Feature Selection is a very popular question during interviews; regardless of the ML domain. This post is part of a blog series on Feature Selection. Have a look at Wrapper (part2) and Embedded (part3) Methods.

What, When & Why

Are you familiar with the Iris flower data set? Isn’t it amazing how wonderful results you can have with even the simplest algorithms that exist out there?

Well… I am sorry to disappoint you but this is not realistic. Most often, the number of features (p) is a lot more compared to the number of samples (N) (p>>N) — this is also known as the curse of dimensionality. But yet again, why is this a problem?

High dimensional data can lead to the following:

  • long training times
  • overfitting

Even if p>>N is not the case, there is a long list of machine learning algorithms that make the assumption of independent variables. Applying feature selection methods will remove correlated features. Additionally, reducing the dimensionality of the feature space to a subset of relevant features will decrease the computational cost of training and may improve the generalisation performance of the model.

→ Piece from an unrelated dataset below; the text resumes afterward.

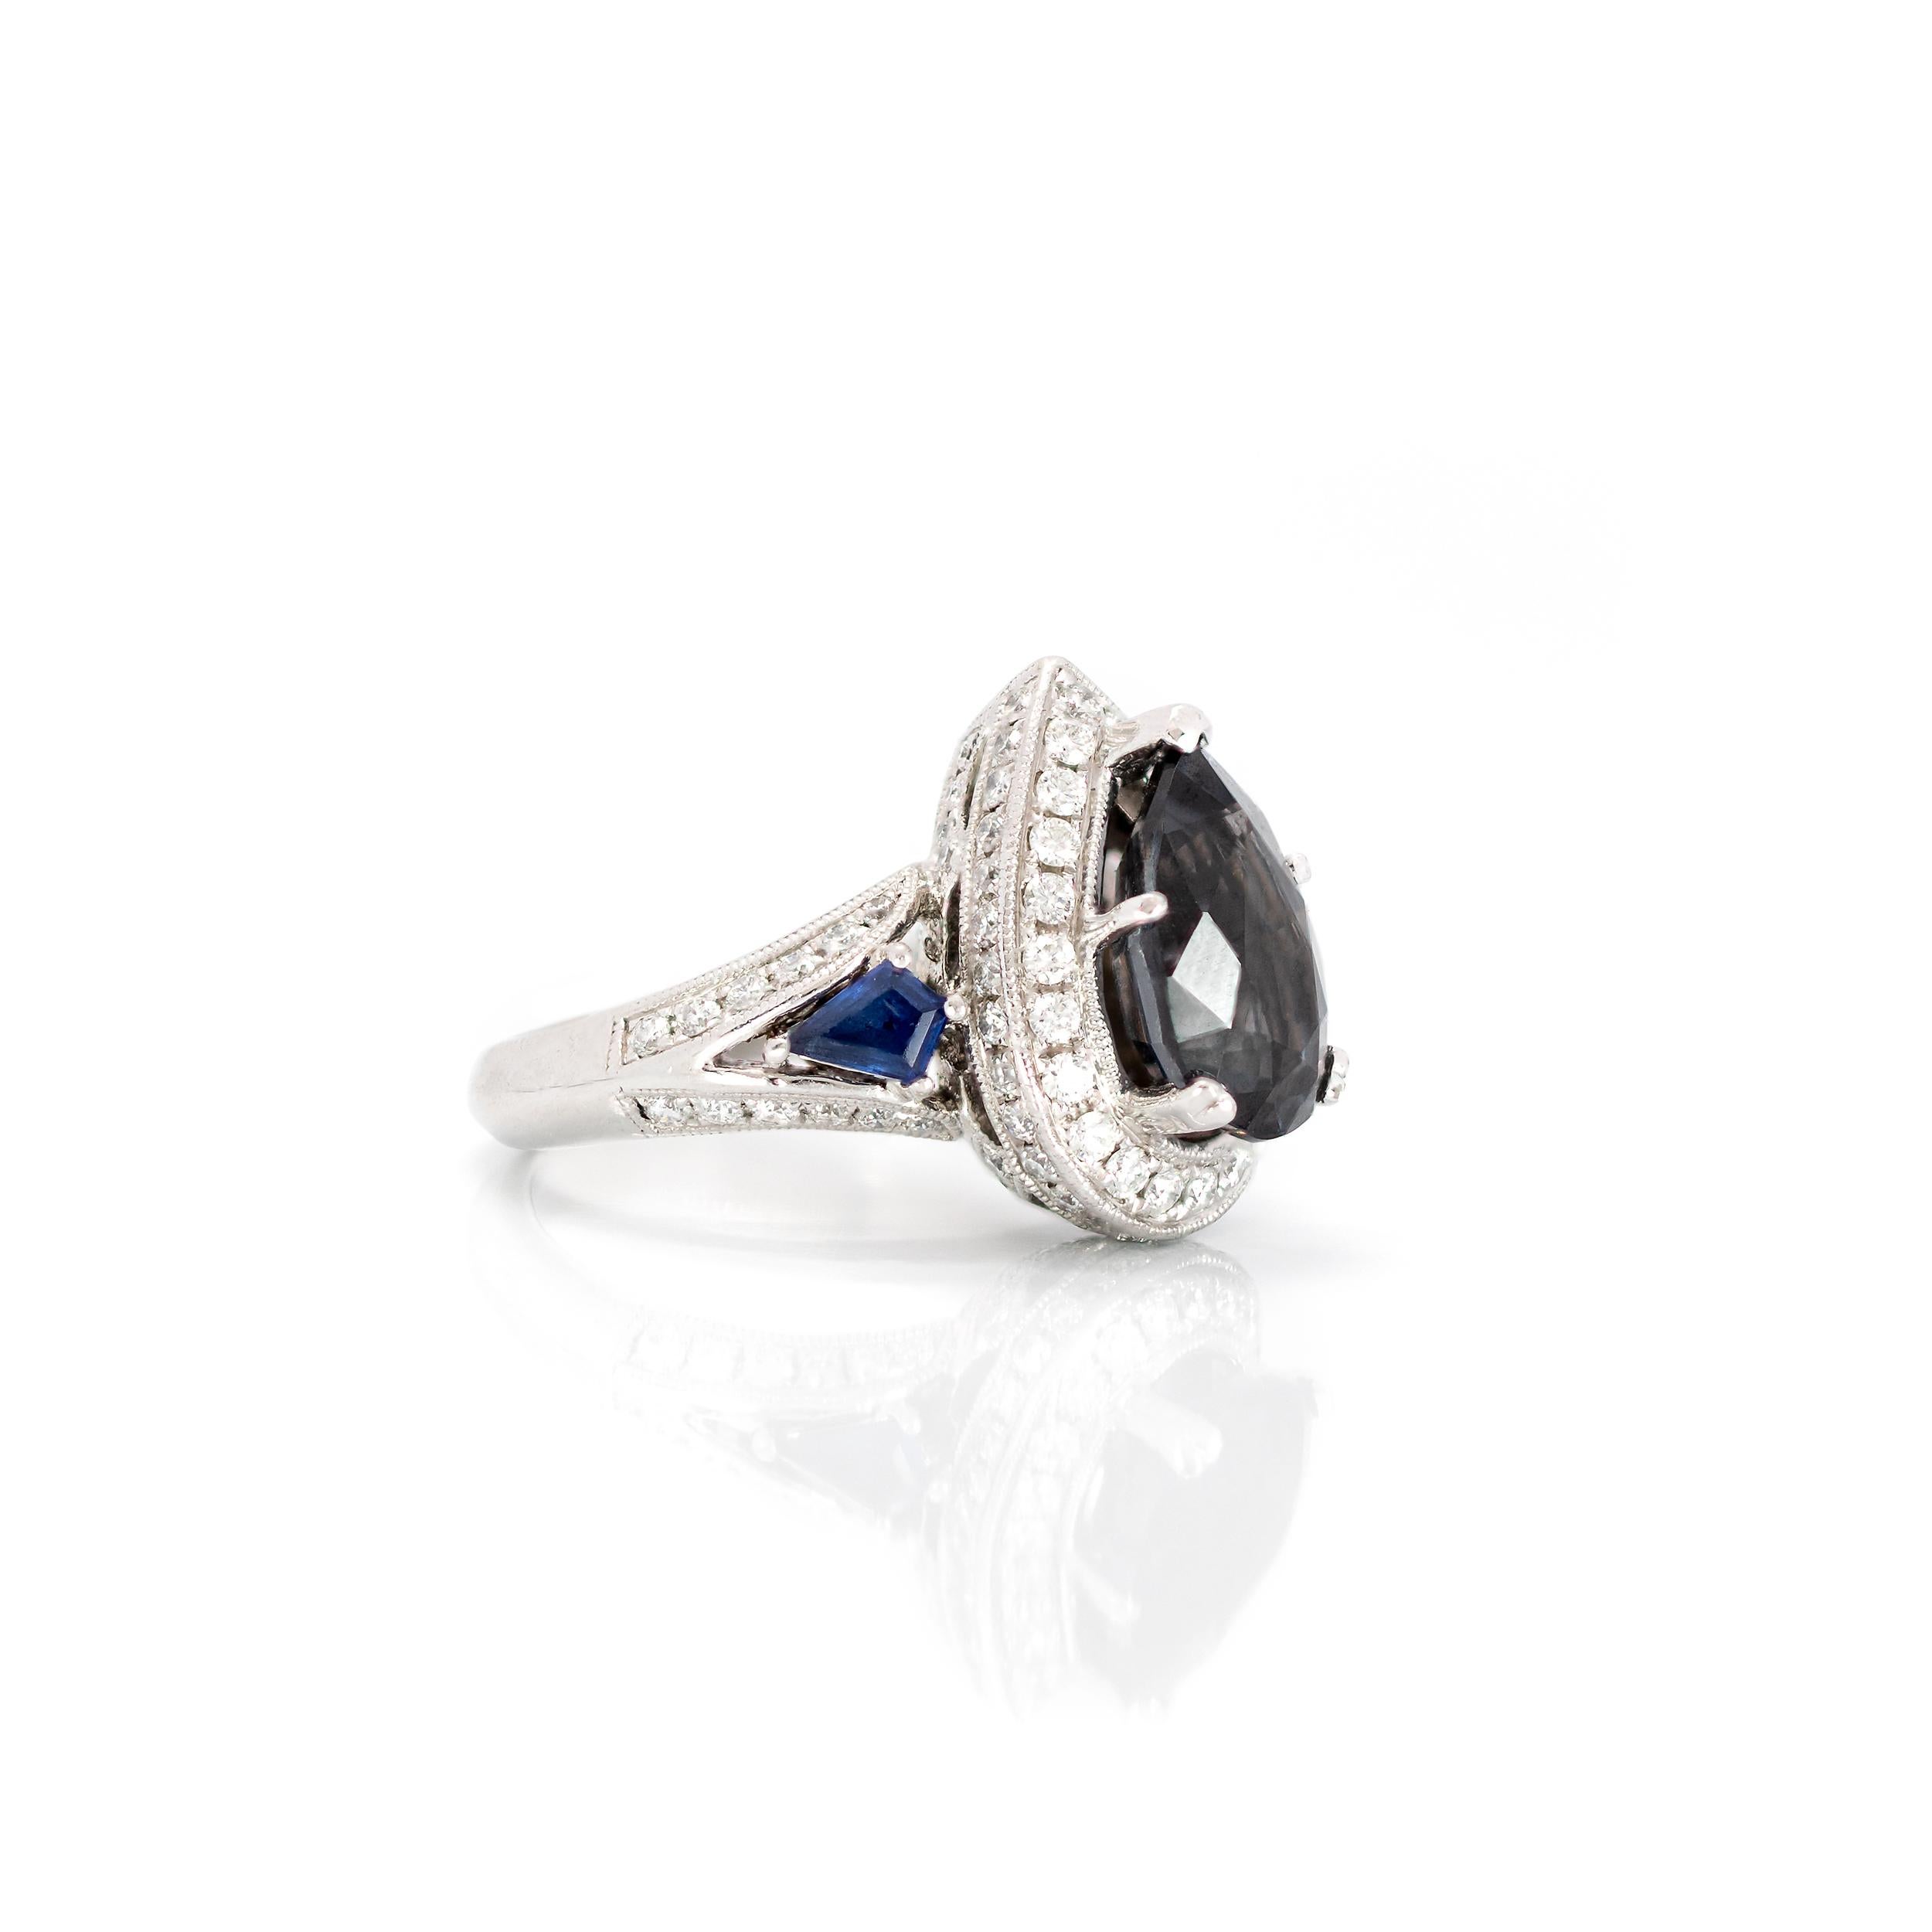 Such a beautifully designed ring with a sophisticated Pear-shaped Lavender Spinel surrounded by Diamonds, including an intricate profile design to ensure a beautiful look at every possible angle.  The Kite-shaped diamonds running from the Spinel

Feature Selection is the process that removes irrelevant and redundant features from the data set. The model, in turn, will be of reduced complexity, thus, easier to interpret.

“Sometimes, less is better!”

— Rohan Rao

Filter Methods

A subset of features is selected based on their relationship to the target variable. The selection is not dependent of any machine learning algorithm. On the contrary, filter methods measure the “relevance” of the features with the output via statistical tests. You can use the following table for reference:

Pearson’s Correlation

A statistic that measures the linear correlation between two variables, which are both continuous. It varies from -1 to +1, where +1 corresponds to positive linear correlation, 0 to no linear correlation, and −1 to negative linear correlation.

Peason’s r

Dataset: Boston Houses house-prices dataset. It includes 13 continuous features and the median value of owner-occupied homes in $1000s (target variable).

import pandas as pd
import matplotlib.pyplot as plt
import seaborn as sns
from sklearn.datasets import load_boston
X, y = load_boston(return_X_y=True)
feature_names = load_boston().feature_names
data = pd.DataFrame(X, columns=feature_names)
data['MEDV'] = y
# compute pearson's r
target_correlation = data.corr()[['MEDV']]
# we only care about the target variable
plt.figure(figsize=(7,5))
sns.heatmap(target_correlation, annot=True, cmap=plt.cm.Reds)
plt.show()
# extract the most correlated features with the output variable
target_correlation[abs(target_correlation)>0.5].dropna()

Correlation coefficients whose magnitude are between 0.5 and 0.7 indicate variables which can be considered moderately correlated, thus we set the threshold value to 0.5.

From the 13 features, there are only 3 that strongly correlate with the target (relevant features); RM, PTRATIO and LSTAT. However, we have only checked the correlation of each individual feature with the output variable. Since many algorithms, like Linear Regression, assume that the input features are uncorrelated, we must calculate the pearson’s r between those top 3 features.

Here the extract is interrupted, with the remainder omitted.